Immediately thereafter, the approach control was again called by the Thai crew, who stated that the position of the Dragonair flight was incorrect. The Thai pilots also told the air traffic controller that they were only 15 km away from the airport, even though their aircraft was further away at that time. The Thai aircraft was then given priority by the air traffic control at 15:36 for landing.

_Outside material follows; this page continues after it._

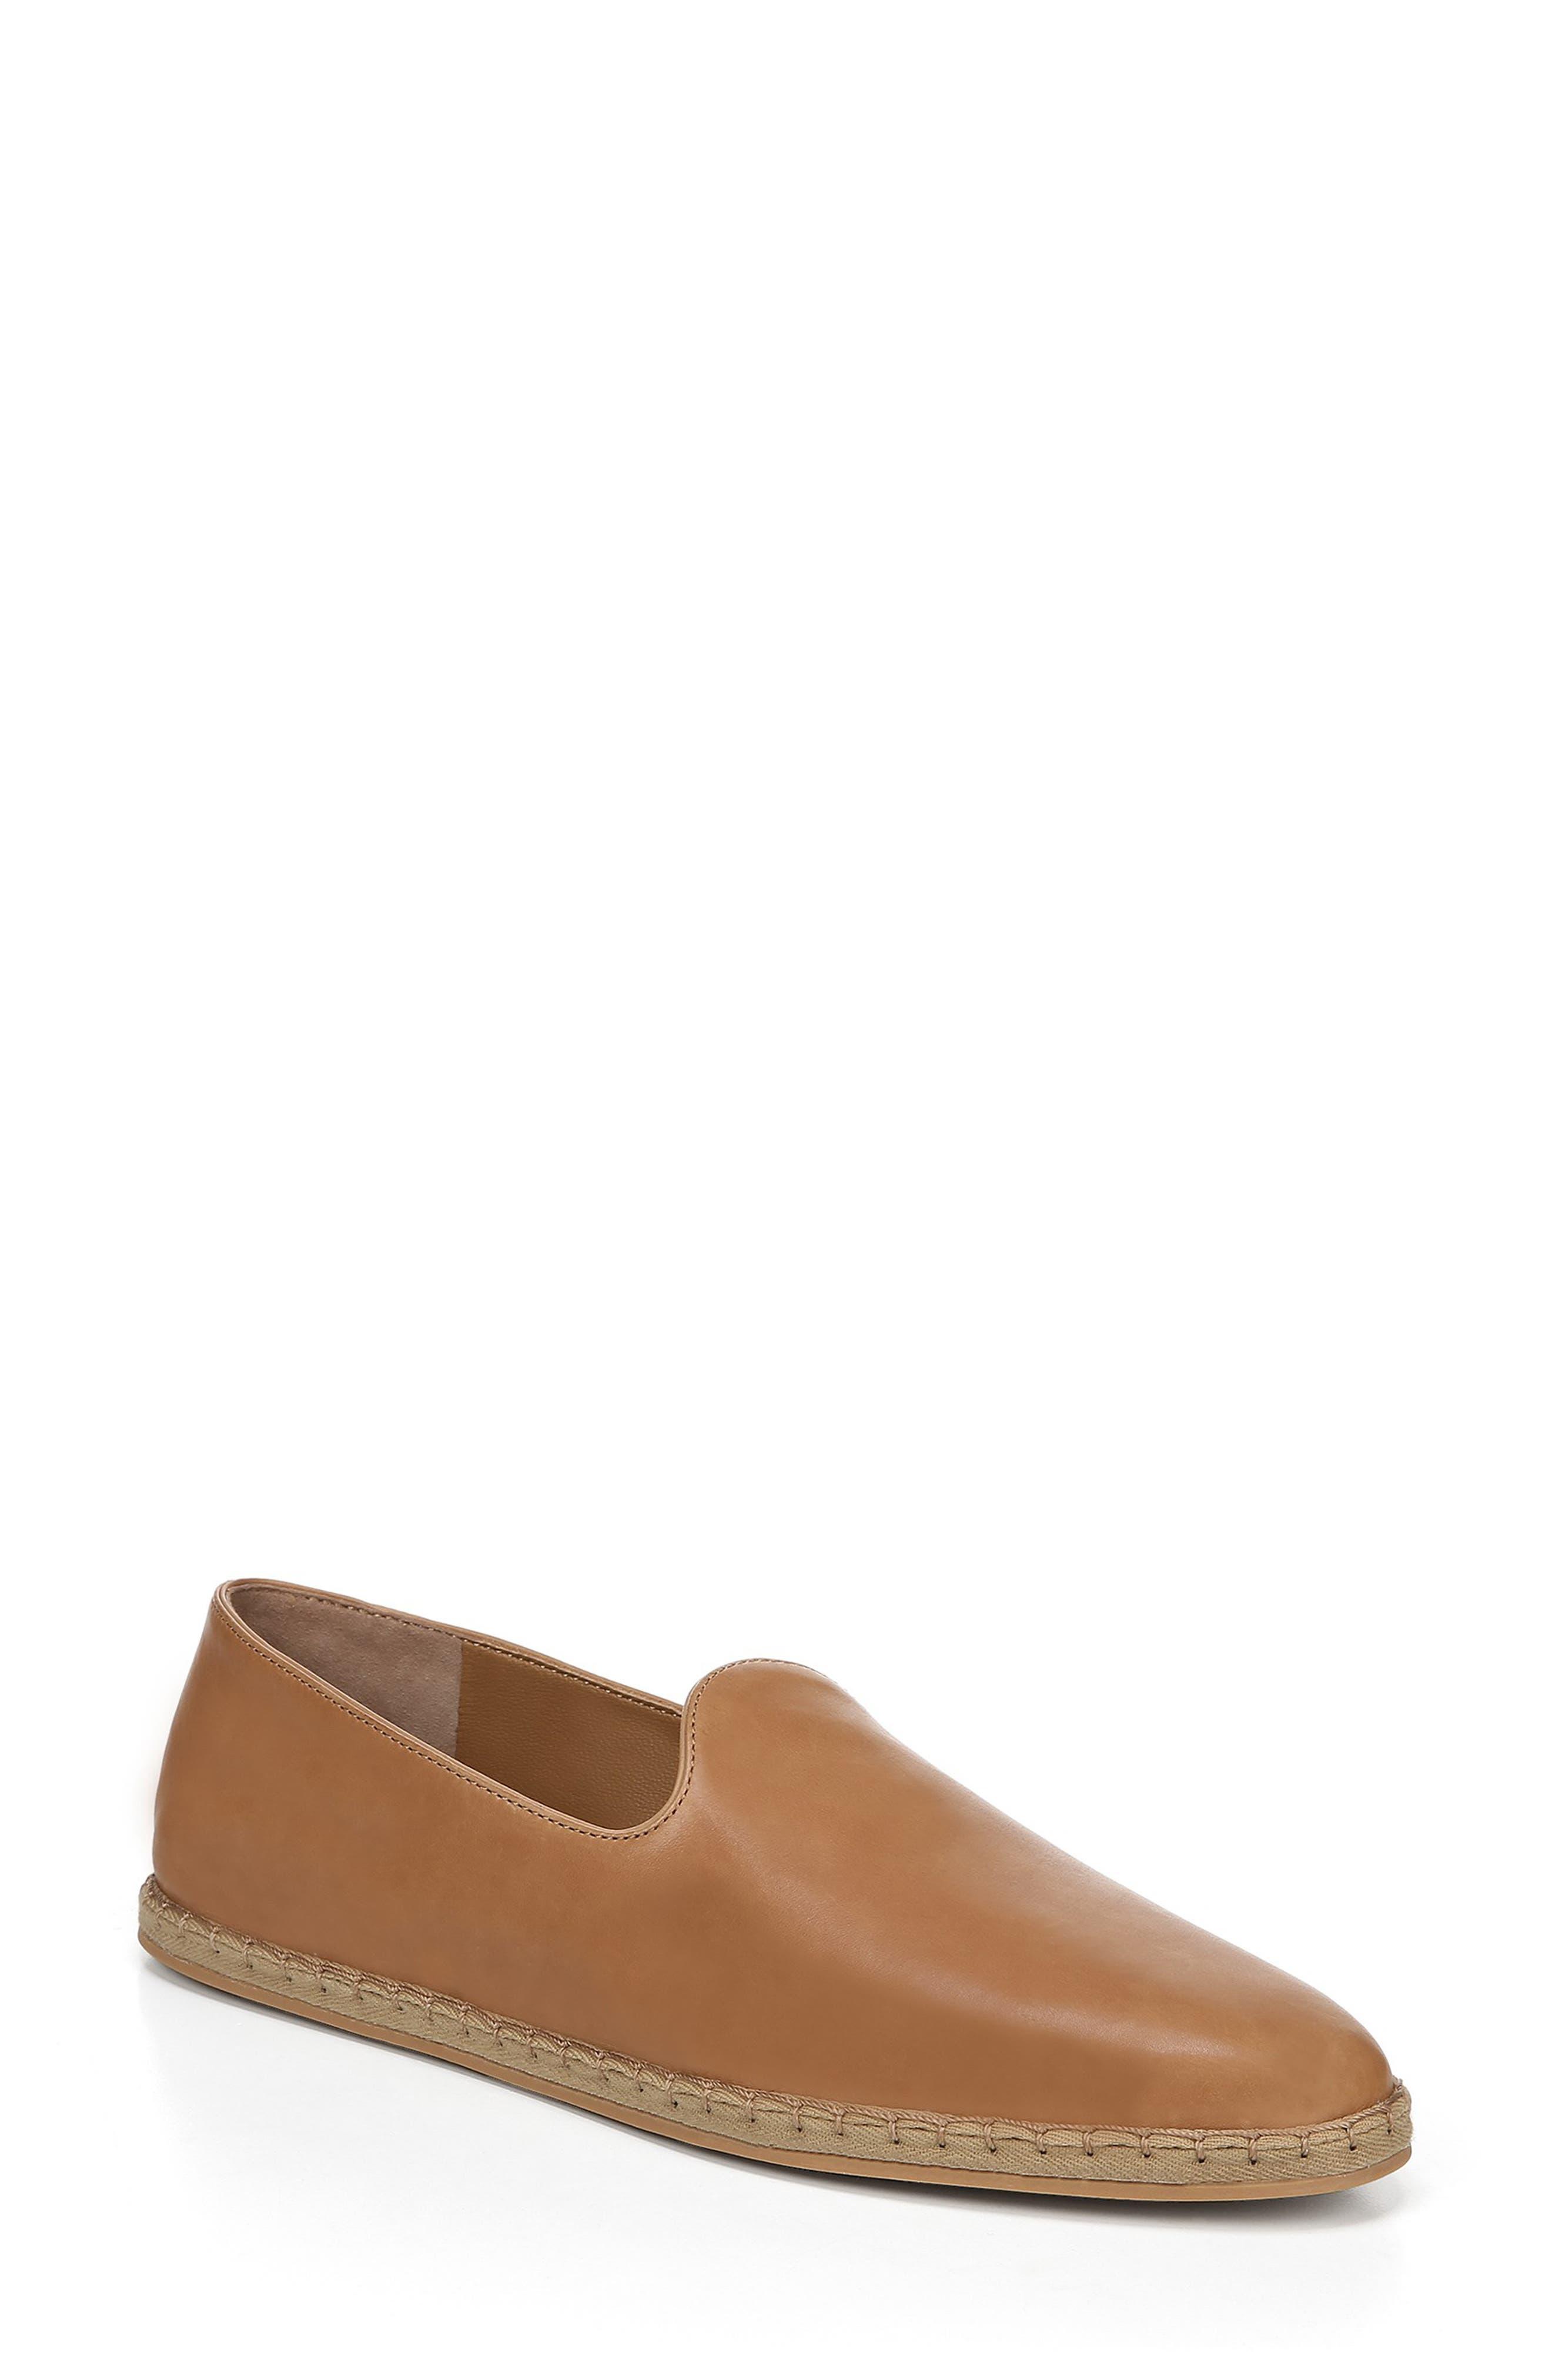 Malia Flat Foulard Leather Espadrille Loafers in Tan Leather

The captain of the Dragonair flight now warned the Thai crew of a possible collision because the Thai Boeing 737 would intercept its flight path. As a result, the Thai Airways crew reduced the aircraft's speed. A lapse in concentration by the flight crew occurred allowing the speed of Flight 365 to fall below the minimum limit. When the speed had dropped to 163 kn, the stick shaker activated. The aircraft slowed down for another ten seconds and then entered a stall a speed of 152 kn. In an attempt to recover from the stall, the captain increased engine power and retracted the landing gear. This failed as the aircraft was now at a low altitude. The plane crashed into the Andaman Sea 15 km east of the airport, and sank into a seabed that was 20 m deep. Everyone on board the aircraft was killed.

== Investigation ==
The probable cause for the crash of Flight 365 was determined to be "The pilot slowed the aircraft and it stalled while the pilot prepared to land first as advised by Phuket approach control. It appears that he was worrying and not sure whether he was able to land first because the pilot of the second aircraft gave warning that the first aircraft was above him and could not descend passing through his level. The pilot added power and raised the gear after the stick shaker activated but couldn’t execute a recovery before hitting the sea." In addition to pilot error, the air traffic controller was blamed for failing to keep Flight 365 and the Dragonair 737 adequately separated.

In the aftermath of the incident, the two air traffic controllers involved in the incident were assigned to other positions.